I twisted my face into what I hoped was a mask of infuriated rage and started up.
"Sit down!" Ricca said, and the gun covered me.
I sat down.
"Throw me out if you like, but I'm going to have that money!" I snarled at her.
"You'll leave here without a dime and on your feet!" she said. "The guards have been told to let you out only if you are walking and you're not carrying a bag. You'll have a nice long walk ahead of you, and I hope you'll enjoy it!"
"Don't imagine you'll get away with this!" I shouted. "If you think you can gyp me ..."
She was revelling in it now. I made out I was going to spring at her.

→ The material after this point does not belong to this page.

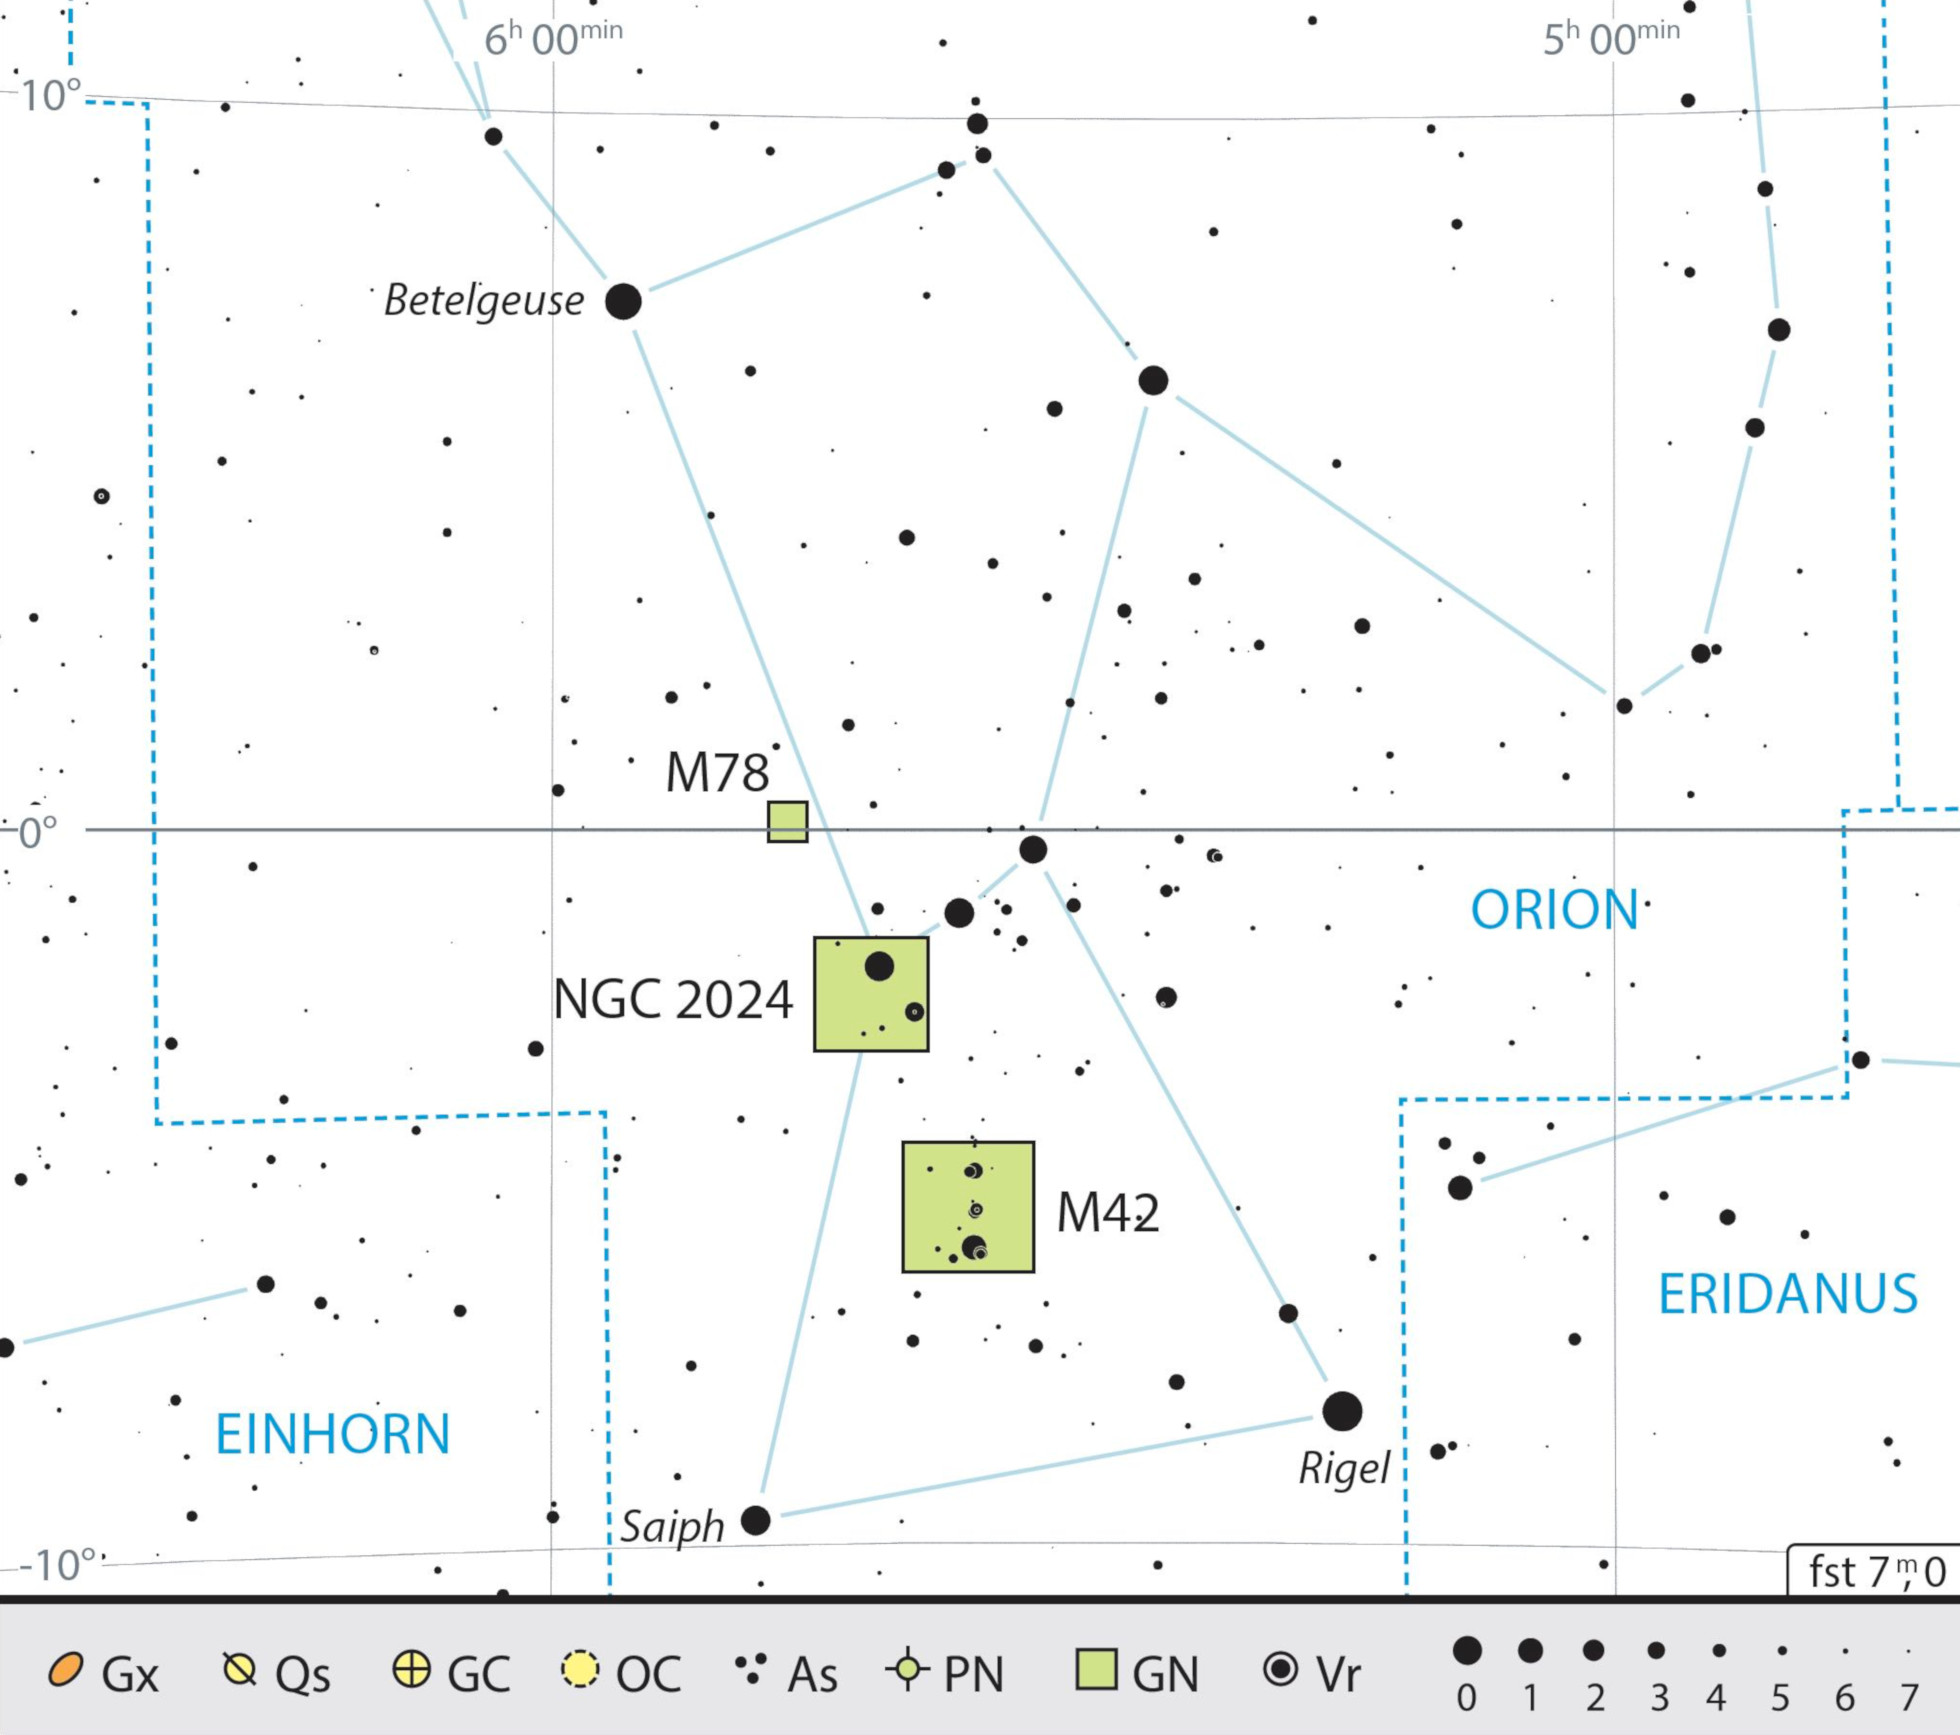 Harta constelației Orion cu recomandările pentru observare. J. Scholten

Ricca stood up, threatening me with the gun.
"Empty your pockets on the desk," Della said.
"Make me!" I said. "I'd like to see either of you get close enough to make me!"
"That won't be necessary," Ricca said. "Do what she says or I'll shoot you in the leg and you'll damn well have to crawl out of here!"
I thought of those three one-hundred-dollar bills I had hidden in my shoe, and I had trouble in keeping a straight face.
"I'll fix you too!" I snarled at him, and began emptying my pockets on the desk.
When I was through she made me pull out the linings of my pockets to make sure I'd kept nothing back. I was glad I had stashed the keys in the chair. If she had seen those she might have looked in the safe. All the time I had been in the room I had kept my hat on. The receipt for the suitcase was burning a hole in my head, but neither of them thought to look inside my hat.
"Okay, Johnny," Della said, "now you're all set to go. I hope you'll be hungry tonight. I hope no one gives you a ride. I hope you rot in hell!"
"I'll fix you for this!" I yelled at her, and moved to the door.
"Better get going fast, Johnny," she said, and a cruel little smile lit up her face. "I said I'd throw you out as I found you, didn't I? Pepi and Benno are on their way over. They should arrive any moment now. They seemed very interested to hear you were here. So this is where you came in, darling. You're on the run again, and I hope they catch you!"
I started to say something when the door opened and Louis walked in. Ricca hid the gun behind his back.